Question

1. What is the magnitude of the electric force of attraction between an iron nucleus (q = +26e) and its closest electron if the distance between them is 1.5*10-13 m? If you assume the electron is orbiting the nucleus (it doesn’t), determine how fast that electron is going. (0.27 N, 0.7c)

Answer 1

The magnitude of the electric force is 0.27N, and the speed of the electron is 211,000,000 m/s, about 0.7c.

Step-by-step explanation:

According to Coulomb's Law, we have that:

`F_e=(kq_1q_2)/(r^2)\\\\F_e=((9*10^9Nm^2/C^2)26(1.6*10^(-19)C)(1.6*10^(-19)C))/((1.5*10^(-13)m)^2)\\\\F_e=0.27N`

It means that the force of attraction between the nucleus and the electron is 0.27N.

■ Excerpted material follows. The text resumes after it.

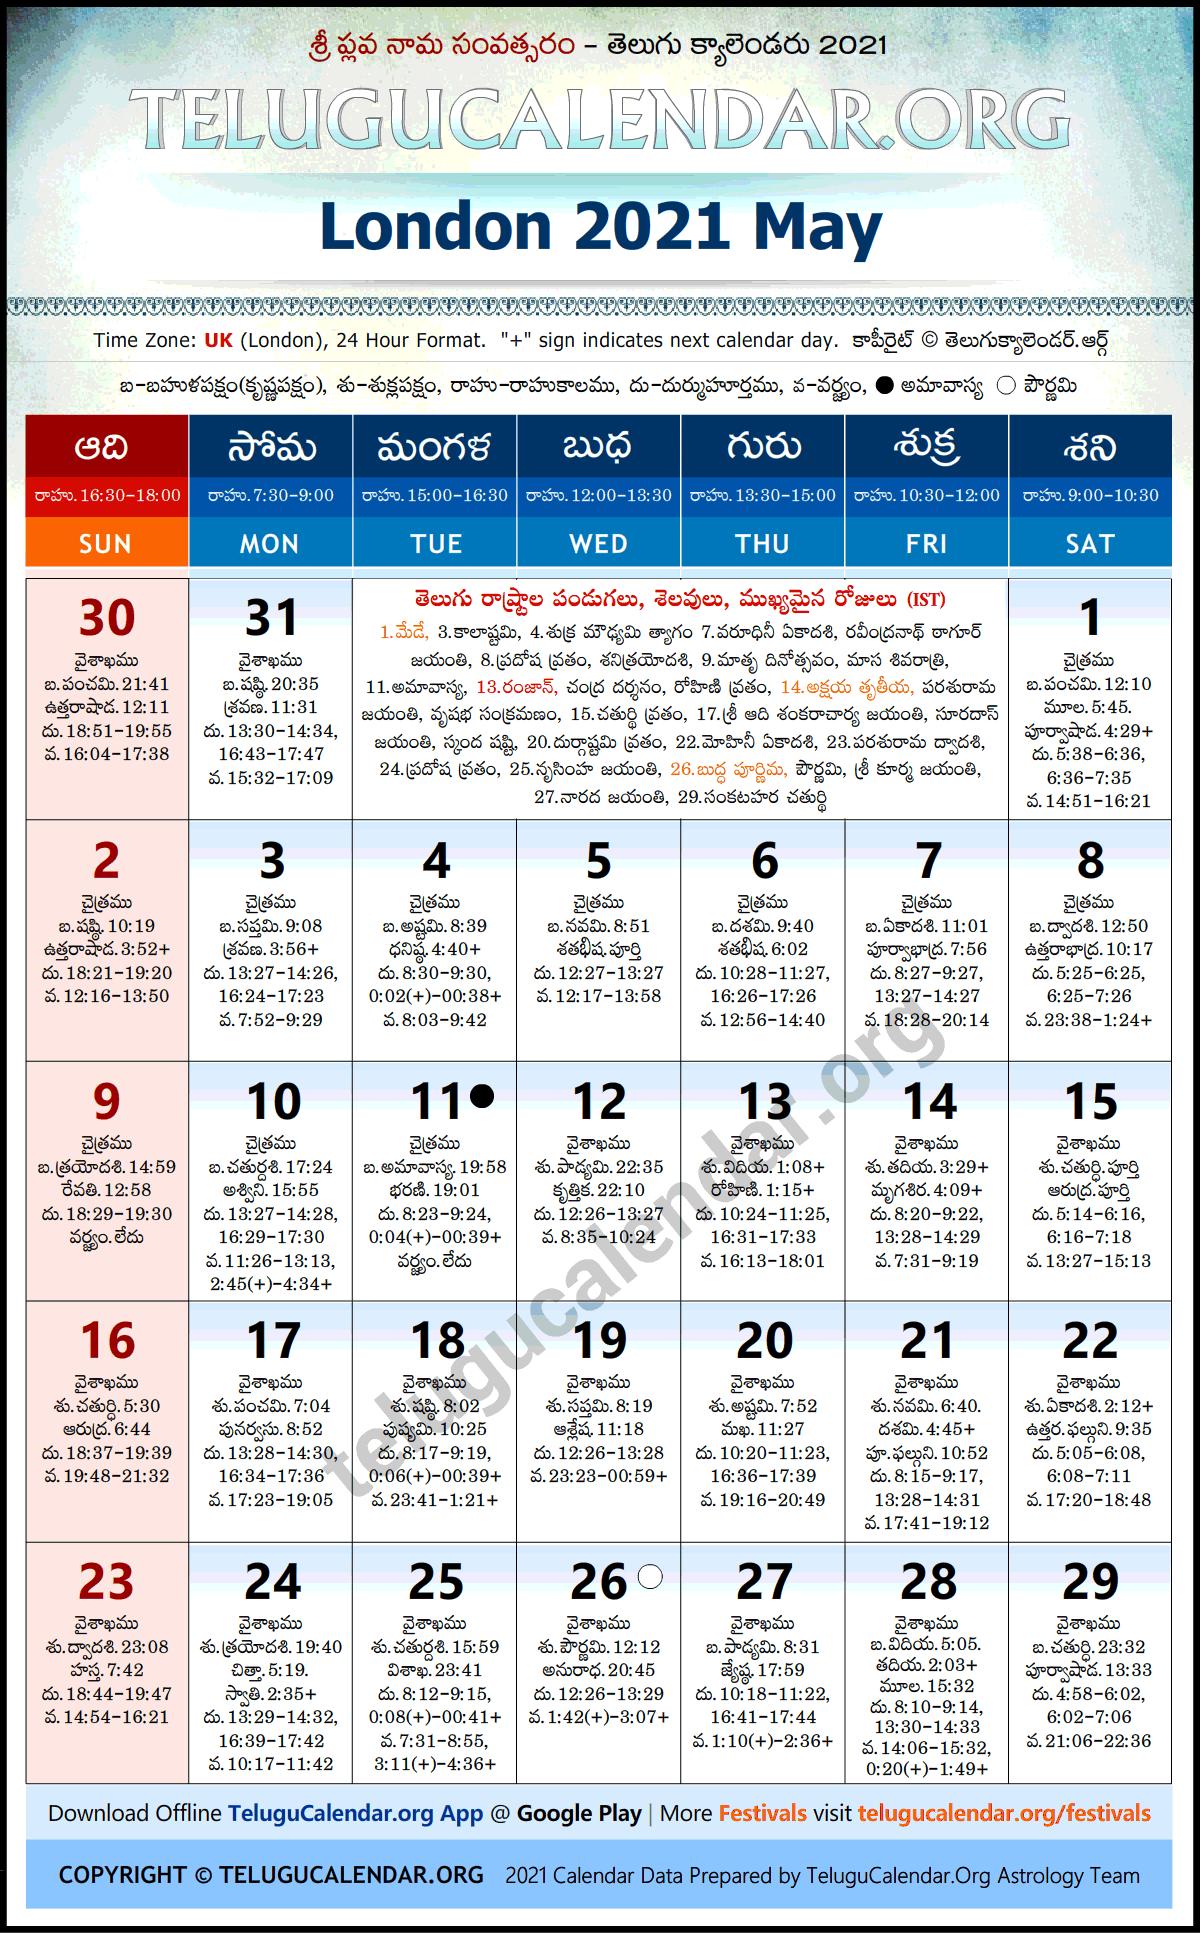 London 2021 May Telugu Calendar Festivals & Holidays

Now, from the definition of centripetal force, we have:

`F_e=(m_ev^2)/(r)\\\\\implies v=\sqrt{(F_er)/(m_e)}`

Considering that the mass of an electron is 9.1*10^-31 kg, and we know the magnitude of the electric force and the distance r, we can calculate the speed of the electron:

`v=\sqrt{((0.27N)(1.5*10^(-13)m))/(9.1*10^(-31)kg)}\\\\v=211,000,000m/s`

Having that the speed of light is about 3*10^8 m/s, then the speed of the electron is 0.7c.